I hope this step-by-step explanation helps!
To draw a Venn diagram illustrating the given information, follow these steps:
Step 1: Draw three overlapping circles to represent Biology (B), History (H), and Mathematics (M).
Step 2: Label the intersection of all three circles as "B, H, M" since 17 candidates offered all three subjects.

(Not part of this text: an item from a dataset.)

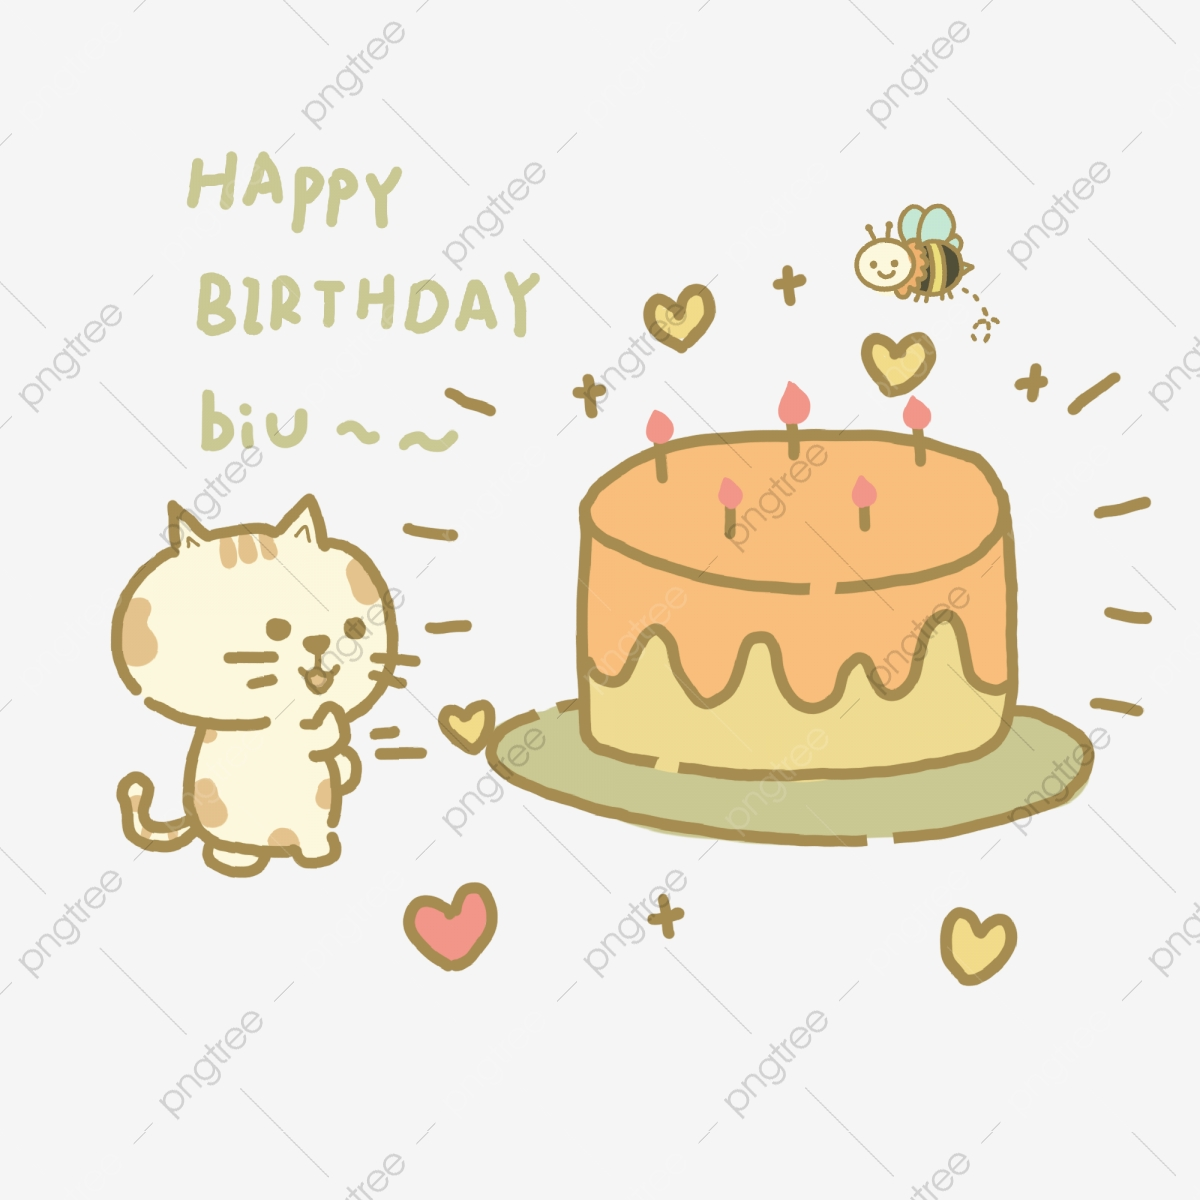 Groovy Cat Change Birthday Cake Emoticon Pack Happy Birthday Emoticon Funny Birthday Cards Online Unhofree Goldxyz

Step 3: Label the section where Biology and History overlap as "B, H" since 21 candidates offered both subjects but not Mathematics.
Step 4: Label the section where History and Mathematics overlap as "H, M" since 22 candidates offered both subjects but not Biology.
Step 5: Label the section where Biology and Mathematics overlap as "B, M" since no value is given.
Step 6: Finally, outside of the overlapping regions, label the sections representing only one subject as "B only," "H only," and "M only."
Now, let's answer the questions using the Venn diagram:
(a) To calculate the total number of candidates who sat for the examination, we need to find the sum of all the regions in the Venn diagram. The diagram shows that there are 17 candidates who offered all three subjects, 21 candidates who offered Biology and History only, 22 candidates who offered History and Mathematics only, and no information is given about the Biology and Mathematics overlap. However, we know that the total number of candidates who offered Biology alone is 52, History alone is 60, and Mathematics alone is 96. Therefore, to get the total number of candidates, we add all these values:
Total = (B only) + (H only) + (M only) + (B, H) + (H, M) + (B, M) + (B, H, M)
Total = 52 + 60 + 96 + 21 + 22 + unknown + 17
(b) To find the number of candidates who offered only one subject, we add up the values in the "B only," "H only," and "M only" regions:
Candidates offered only one subject = (B only) + (H only) + (M only)
(c) To find the number of candidates who offered two subjects, we add up the values in the "B, H," "H, M," and "B, M" regions:
Candidates offered two subjects = (B, H) + (H, M) + (B, M)
Unfortunately, without knowing the value of the "B, M" region, we cannot give an exact answer to parts (b) and (c).